SUPPLIED INFORMATION:

--------

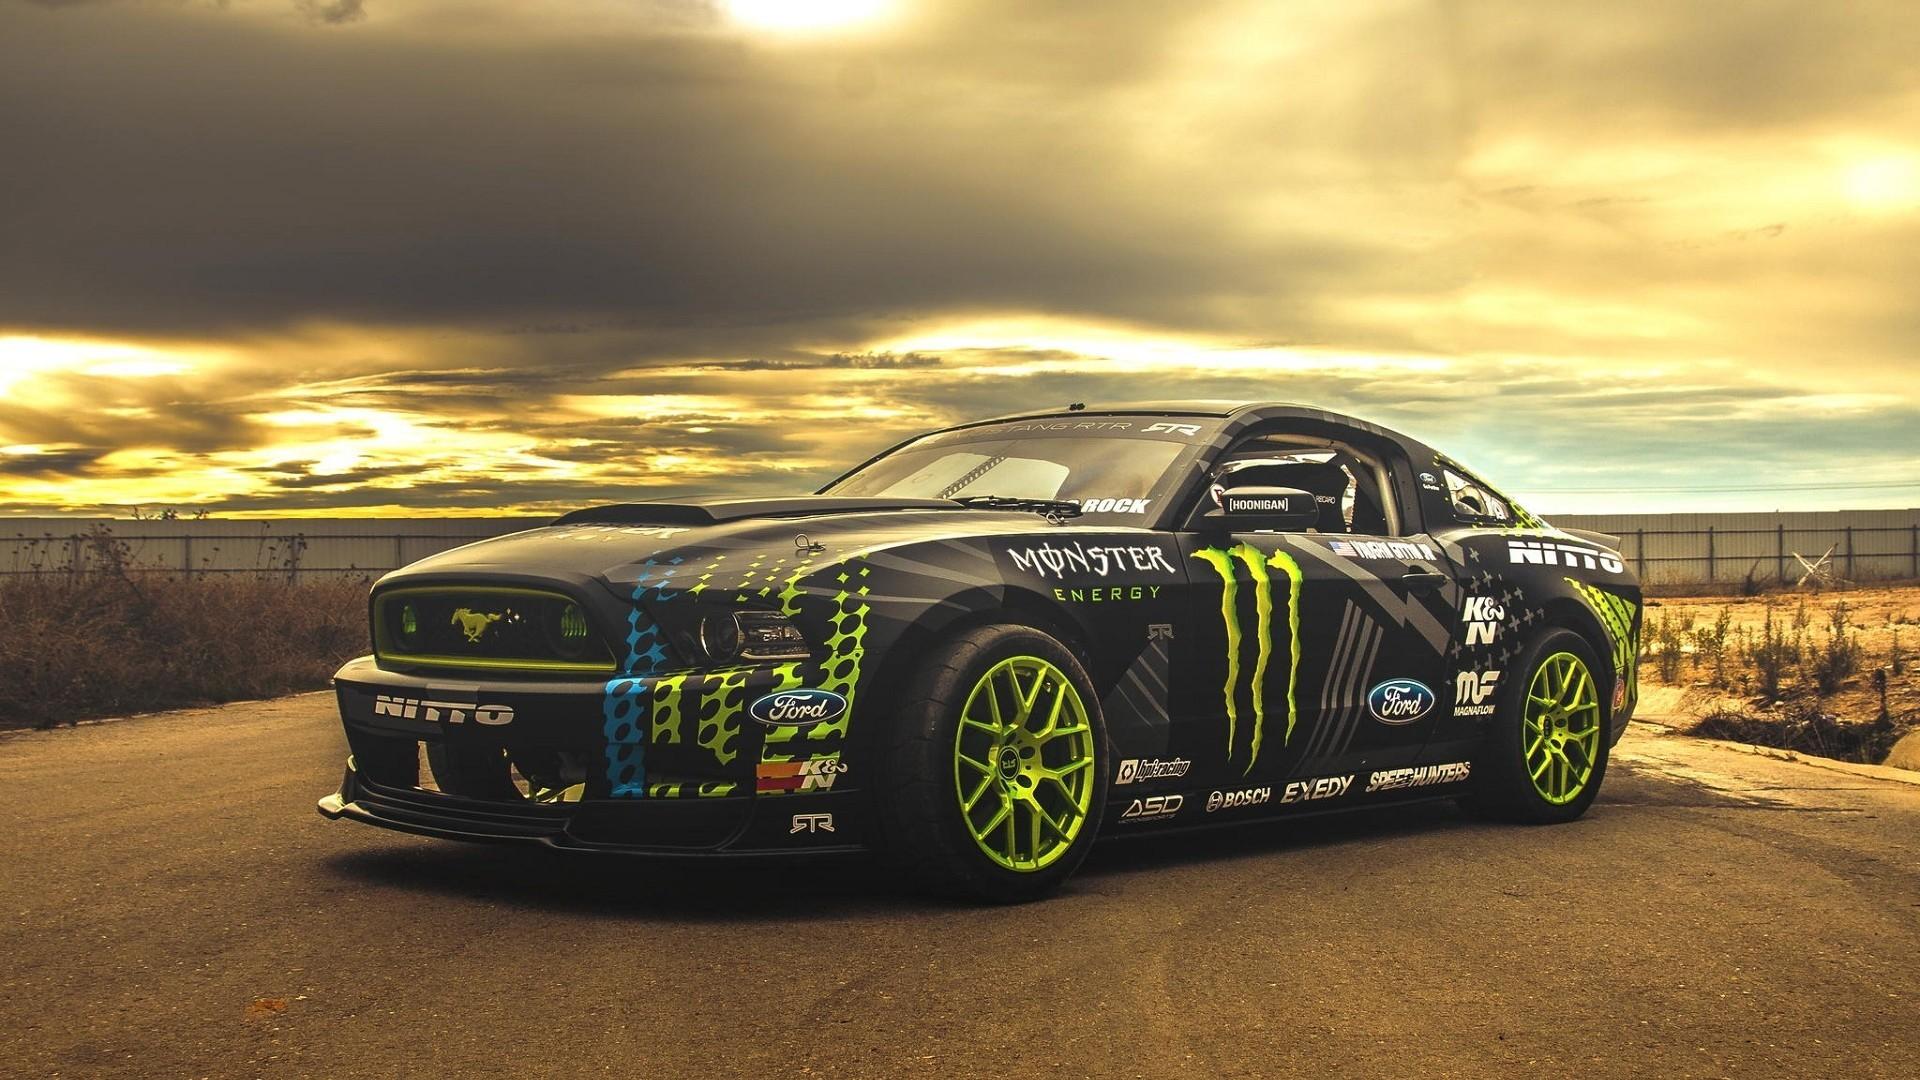 Wallpaper : Ford Mustang, Drifting, sports car ...
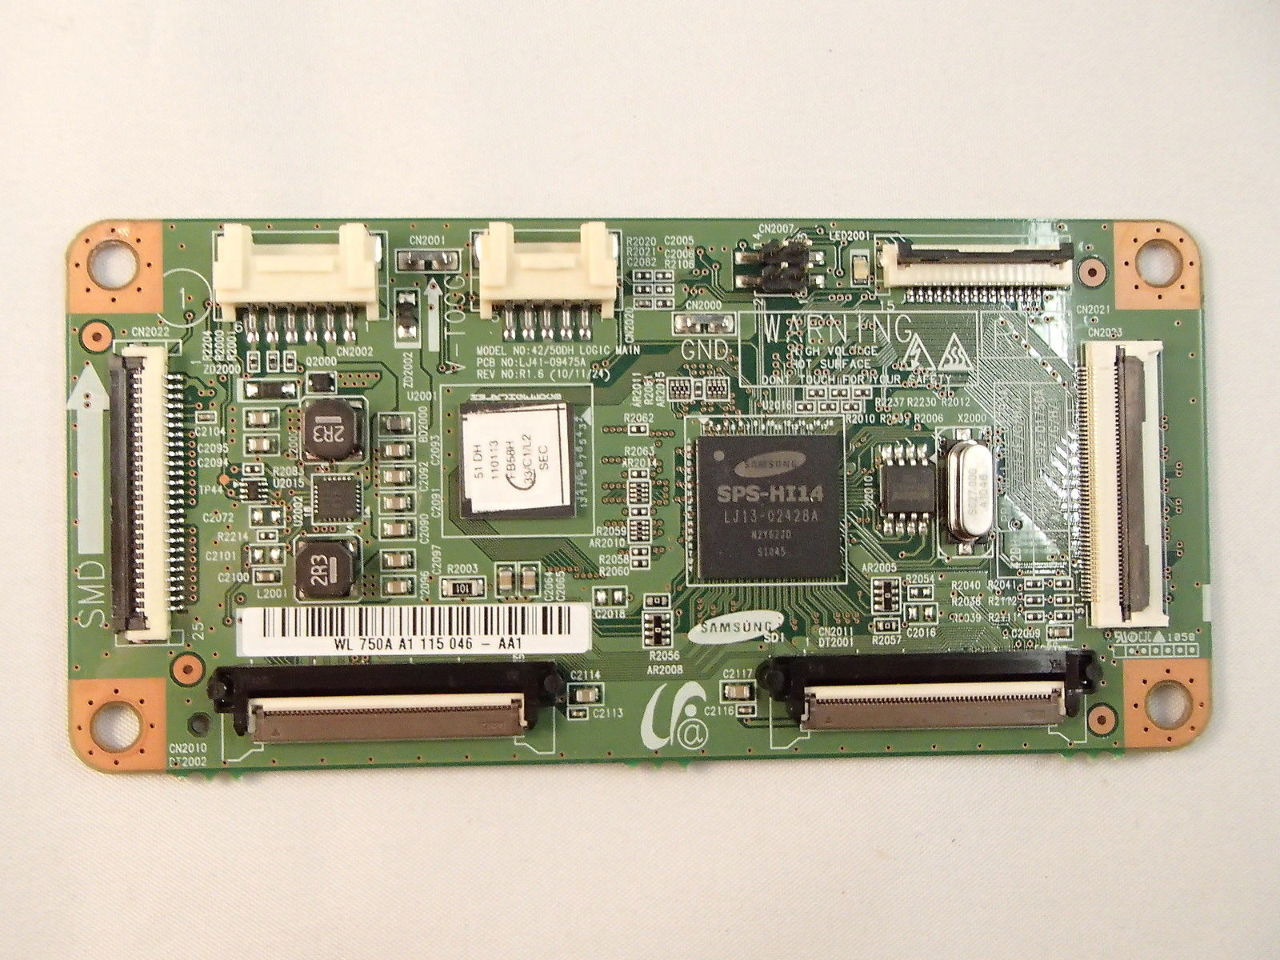 samsung 51 pn51d430 pn51d440 lj92 01750a t con main logic control rh ebay com Samsung User Manual Guide Samsung Refrigerator Repair Manual
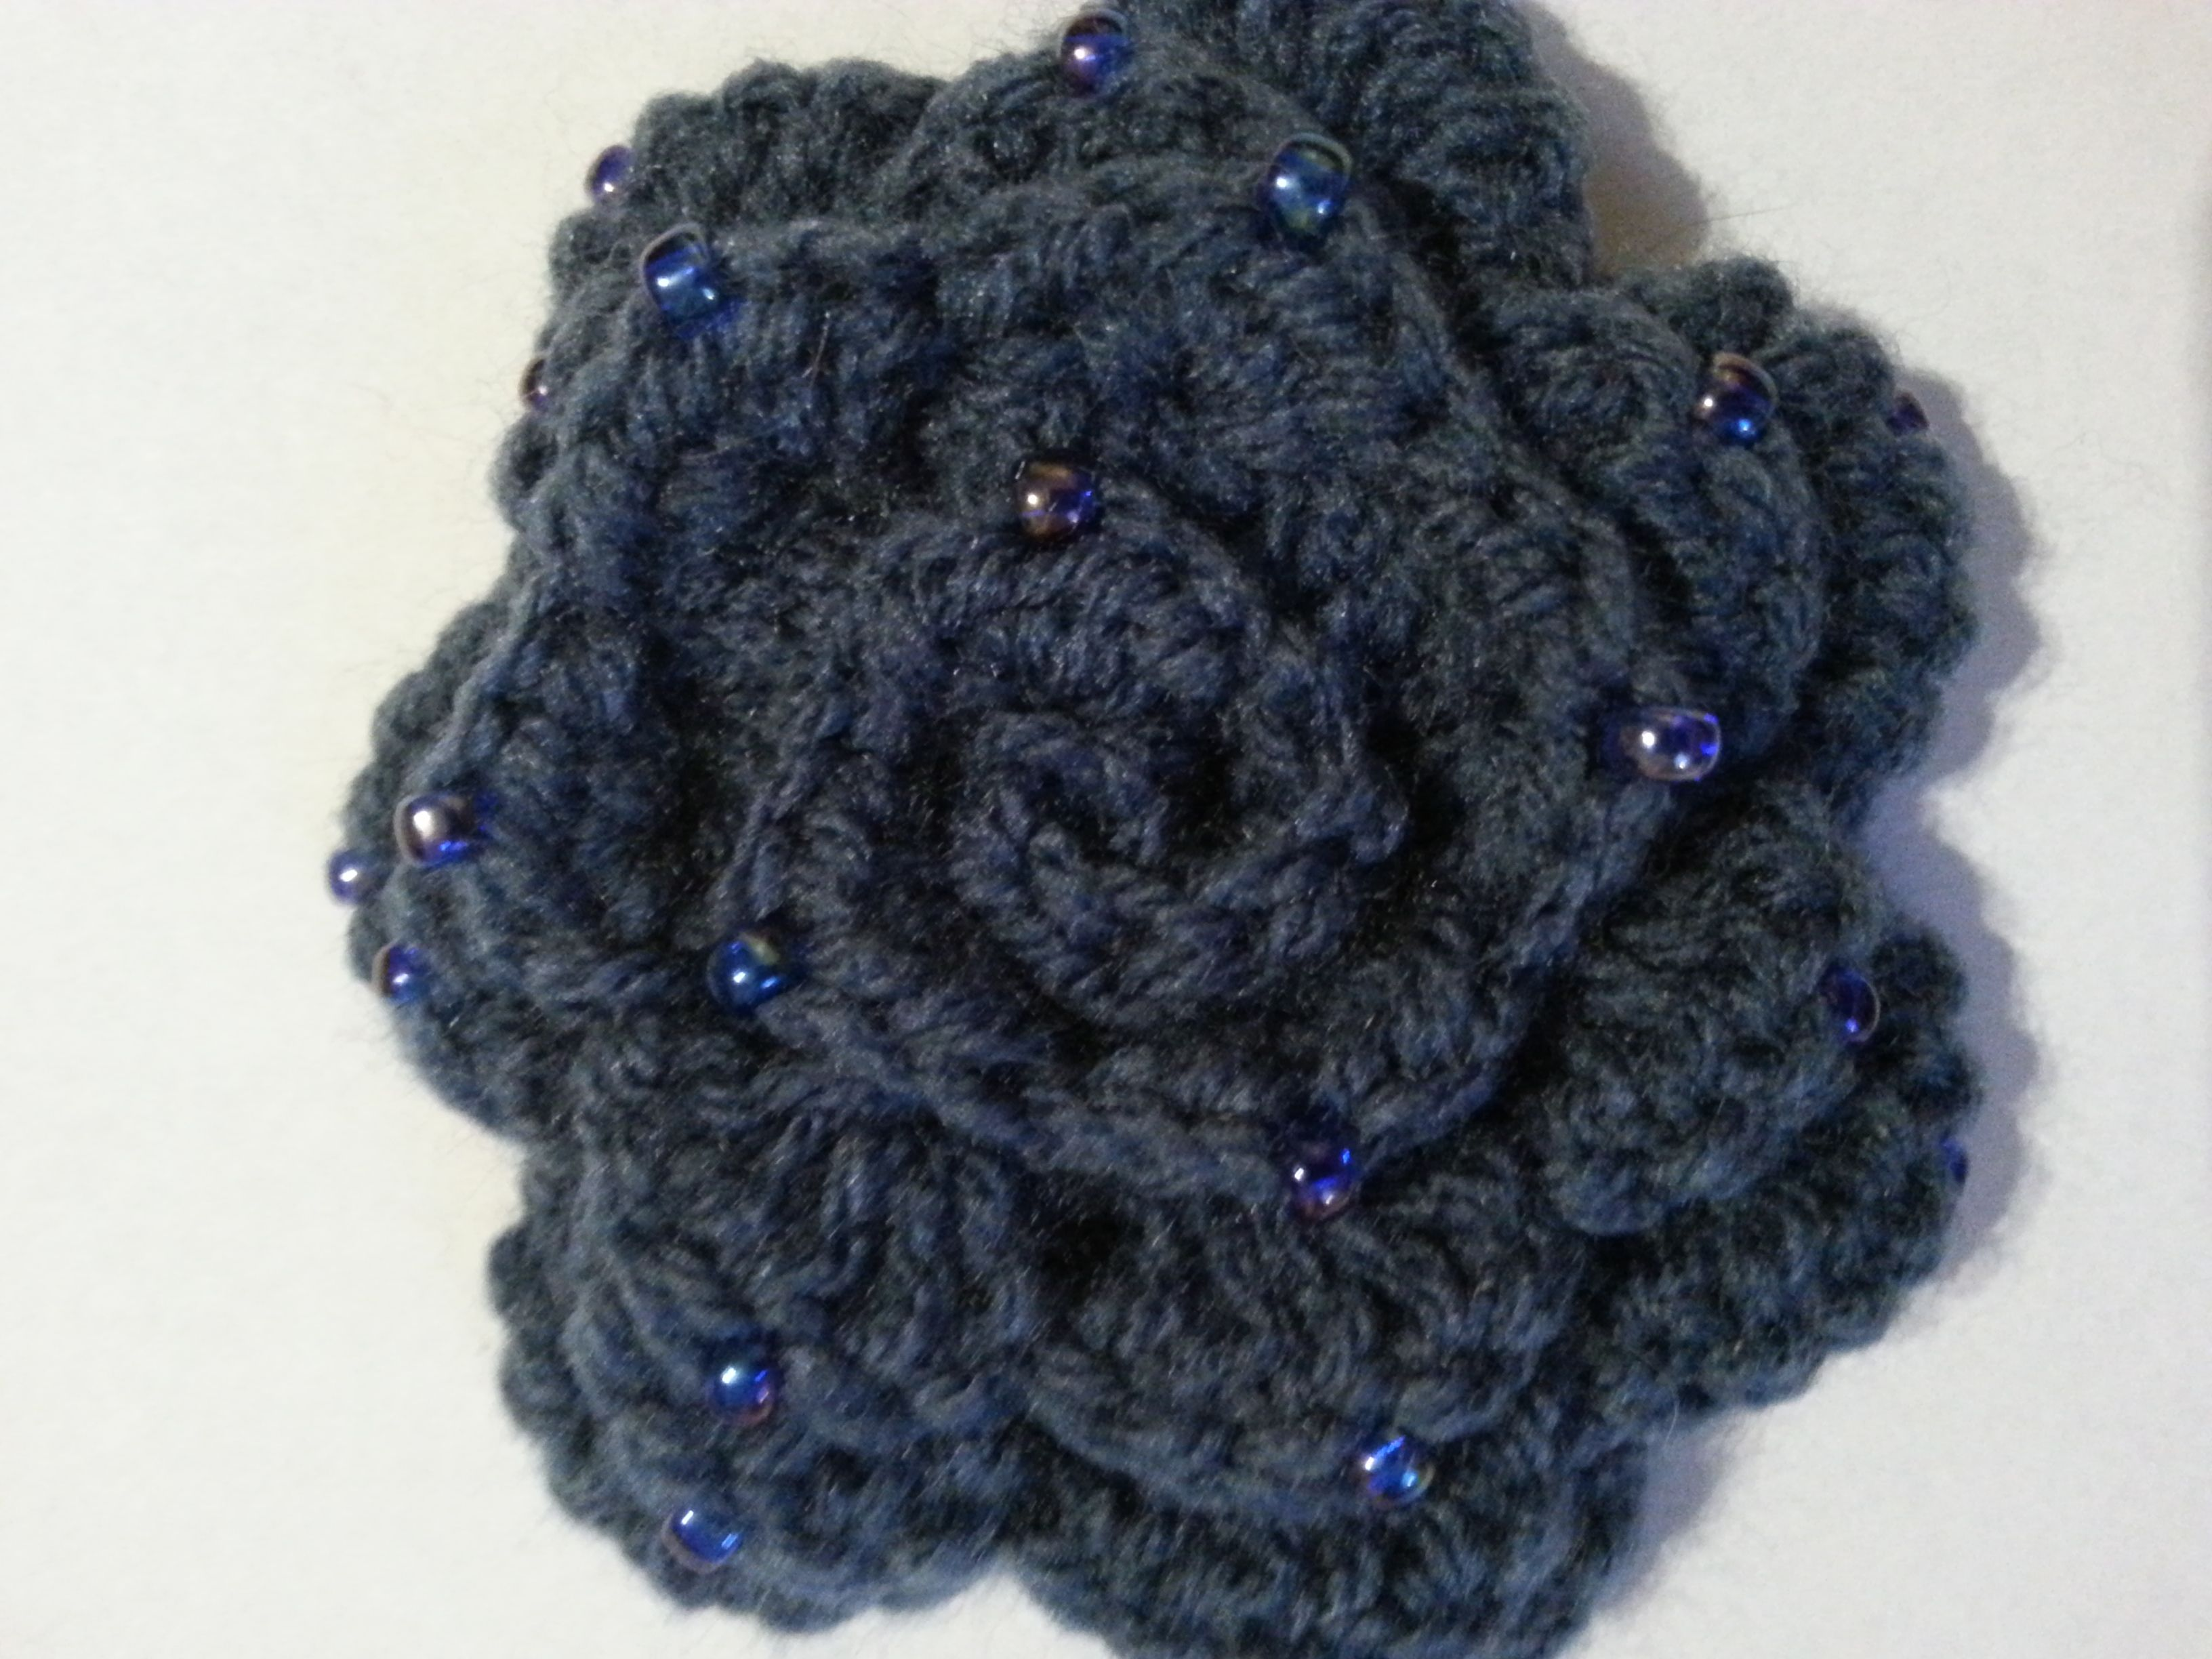 broszka róża na szydełku, crochet rose brooch, video tutorial ...

--------

TASK DIRECTIONS:
Return the complete material above exactly, with no picture.

SOLUTION TO THIS PROBLEM:
 Wallpaper : Ford Mustang, Drifting, sports car ...
 samsung 51 pn51d430 pn51d440 lj92 01750a t con main logic control rh ebay com Samsung User Manual Guide Samsung Refrigerator Repair Manual
 broszka róża na szydełku, crochet rose brooch, video tutorial ...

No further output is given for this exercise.